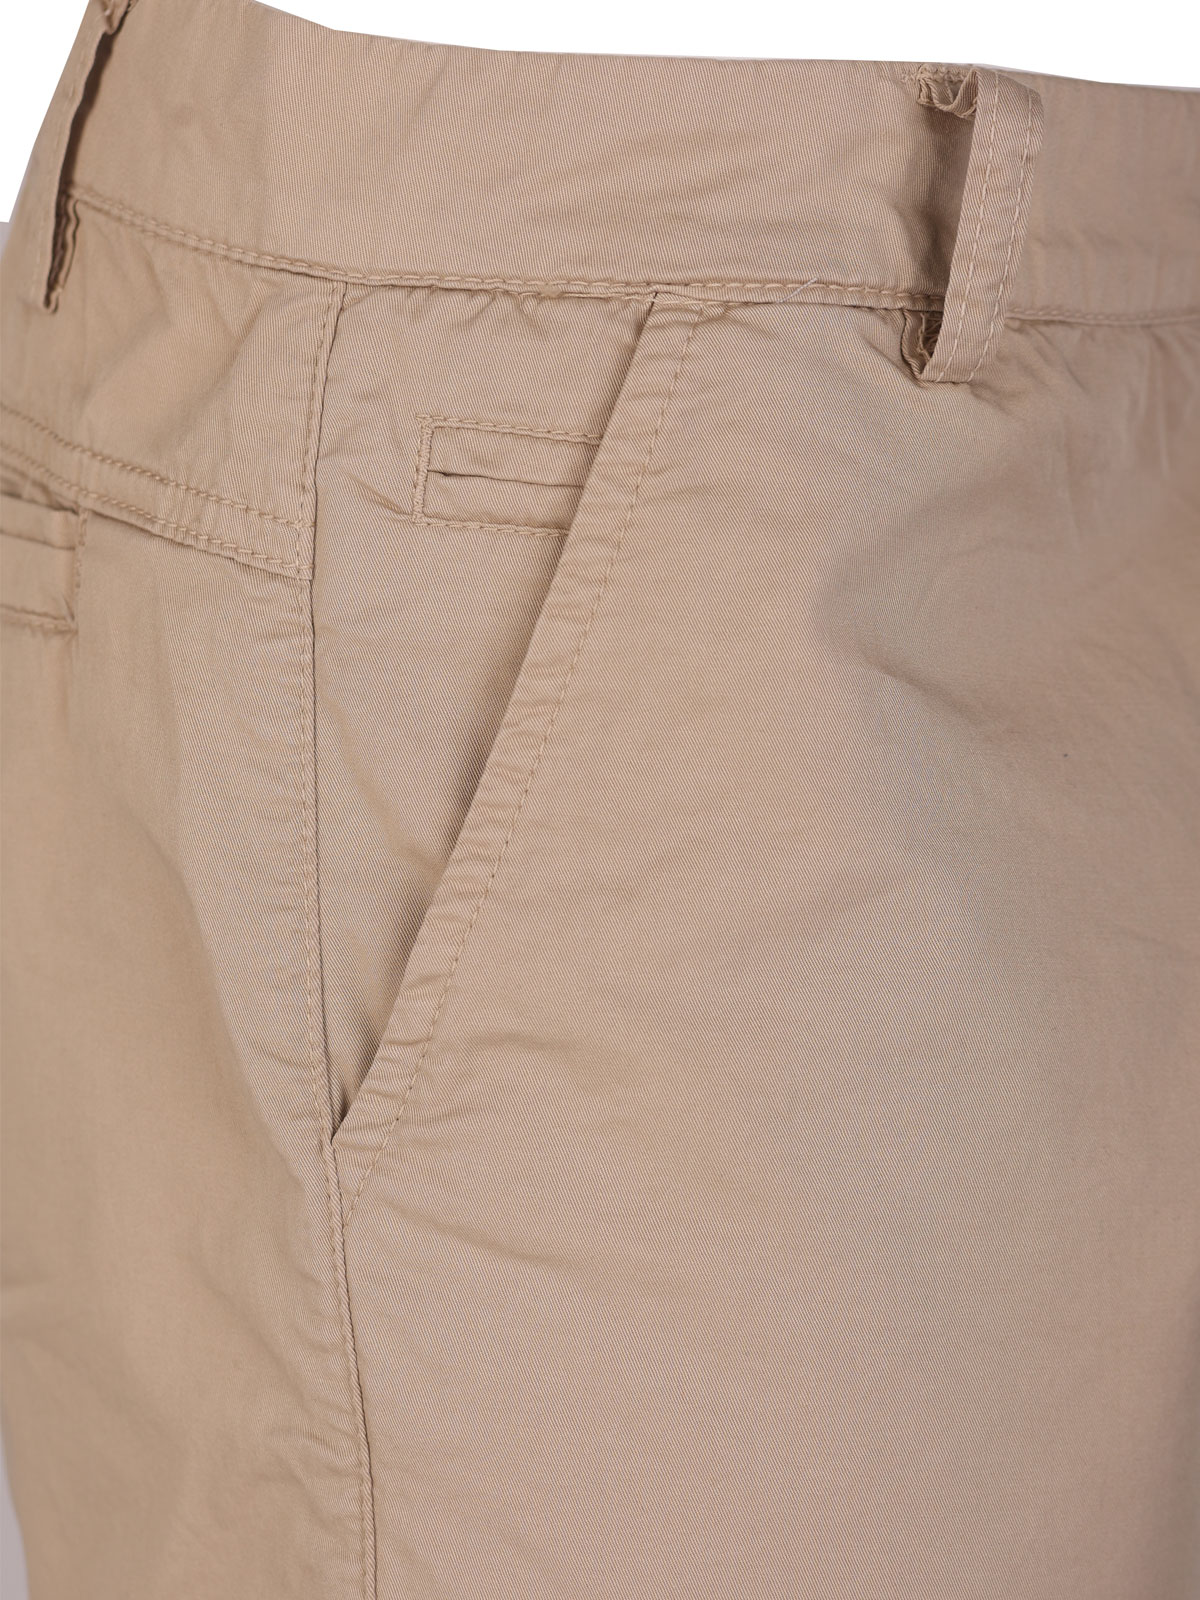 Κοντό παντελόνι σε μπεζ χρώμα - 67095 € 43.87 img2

...

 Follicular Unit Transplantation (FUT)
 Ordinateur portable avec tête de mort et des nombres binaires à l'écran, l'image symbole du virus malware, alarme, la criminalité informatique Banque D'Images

HOW TO COMPLETE THIS TASK:
Copy verbatim, from the listing above, each line from the one containing "Follicular Unit Transplantation (FUT)" down to the one containing "Ordinateur portable avec", inclusive.

TASK SOLUTION:
 Follicular Unit Transplantation (FUT)
 Ordinateur portable avec tête de mort et des nombres binaires à l'écran, l'image symbole du virus malware, alarme, la criminalité informatique Banque D'Images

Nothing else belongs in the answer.